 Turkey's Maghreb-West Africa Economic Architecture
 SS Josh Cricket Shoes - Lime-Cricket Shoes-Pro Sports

---

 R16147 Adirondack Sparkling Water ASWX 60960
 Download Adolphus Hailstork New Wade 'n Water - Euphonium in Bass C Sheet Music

* **What to do**
Across all the records, find the lines containing the word "Water" and reproduce each one.

* **Your response**
 R16147 Adirondack Sparkling Water ASWX 60960
 Download Adolphus Hailstork New Wade 'n Water - Euphonium in Bass C Sheet Music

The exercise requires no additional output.